INPUT ::
Content starts

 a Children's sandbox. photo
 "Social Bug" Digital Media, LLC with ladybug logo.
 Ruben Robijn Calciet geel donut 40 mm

Content ends
Content starts

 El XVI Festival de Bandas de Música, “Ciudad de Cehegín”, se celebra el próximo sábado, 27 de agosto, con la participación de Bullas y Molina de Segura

Content ends
Content starts

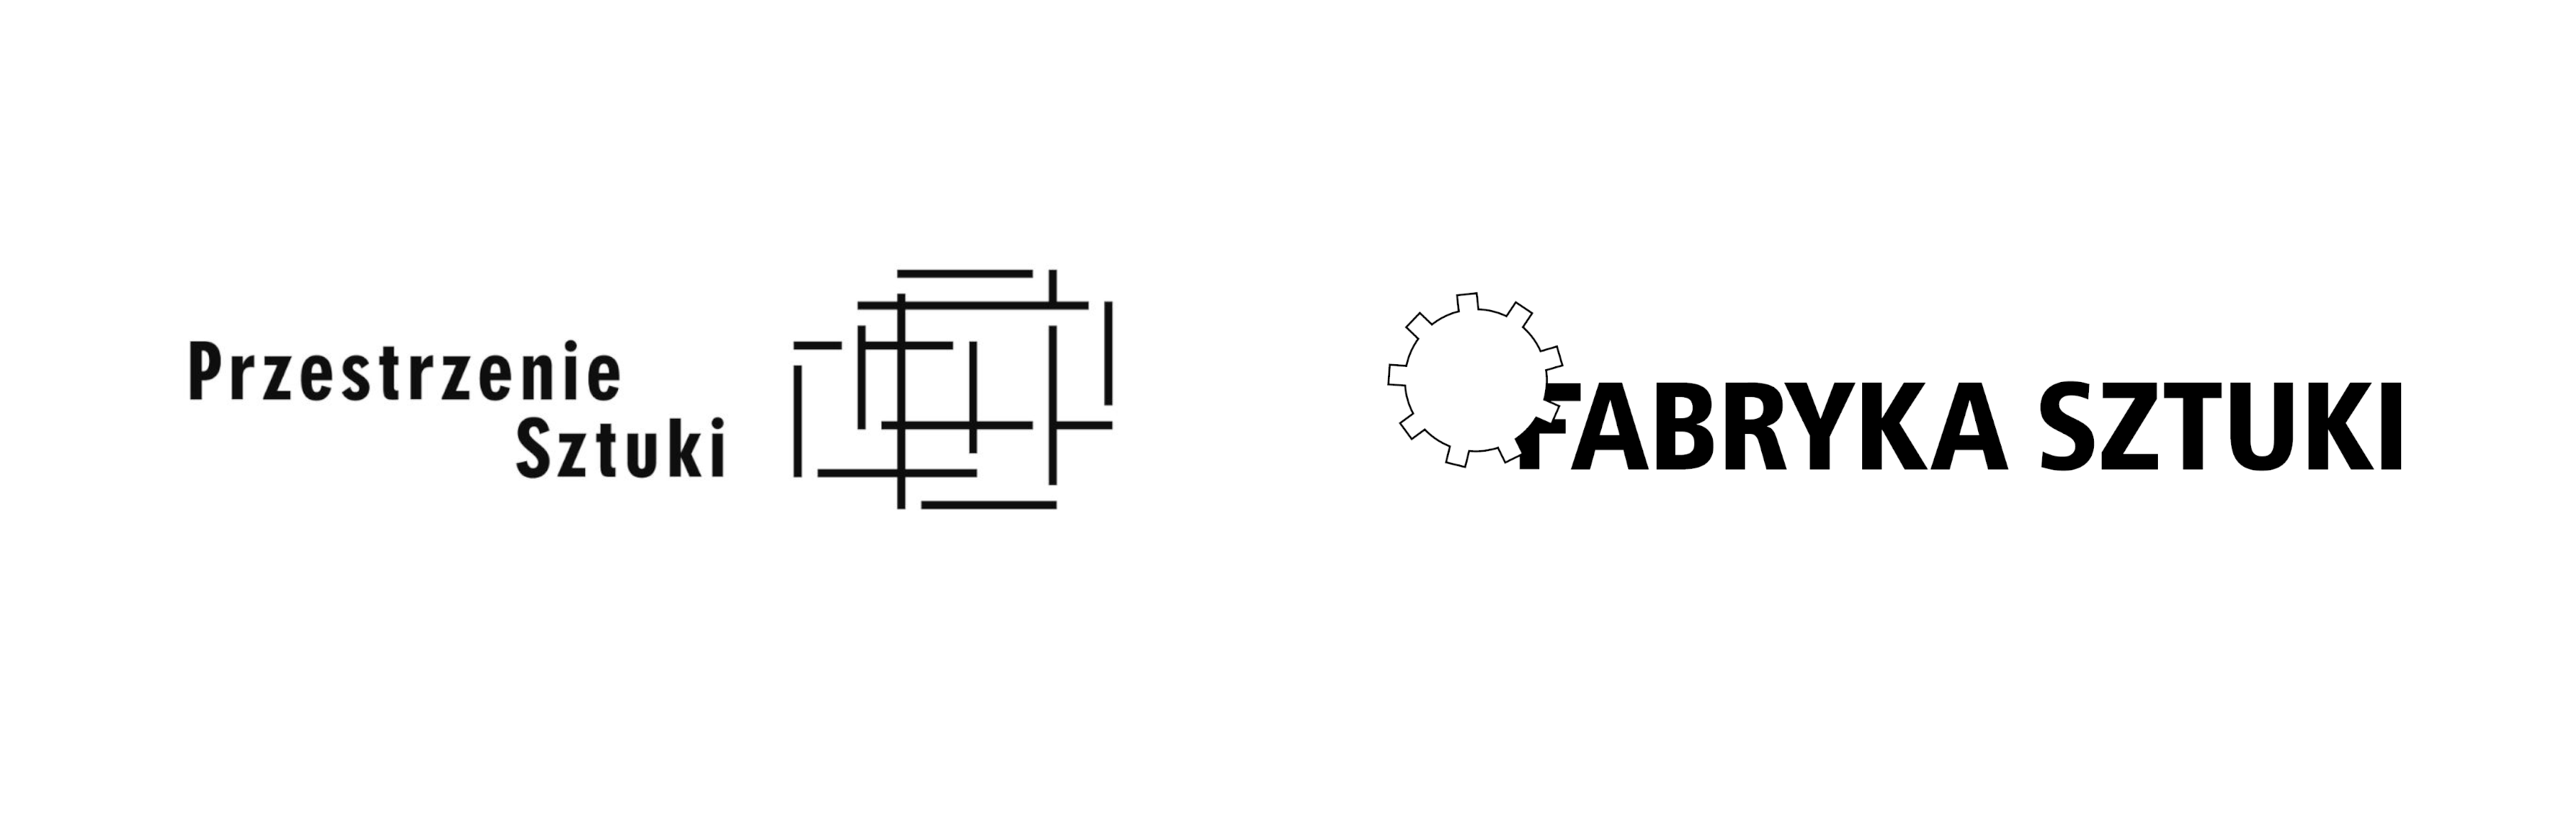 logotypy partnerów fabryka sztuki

Content ends

REQUIREMENT :: Search the listing above for the lines with "a Children's sandbox. photo" and "Ruben Robijn Calciet geel donut 40 mm", then output those lines and all lines between them exactly.

ANSWER FOR THE TASK ::
 a Children's sandbox. photo
 "Social Bug" Digital Media, LLC with ladybug logo.
 Ruben Robijn Calciet geel donut 40 mm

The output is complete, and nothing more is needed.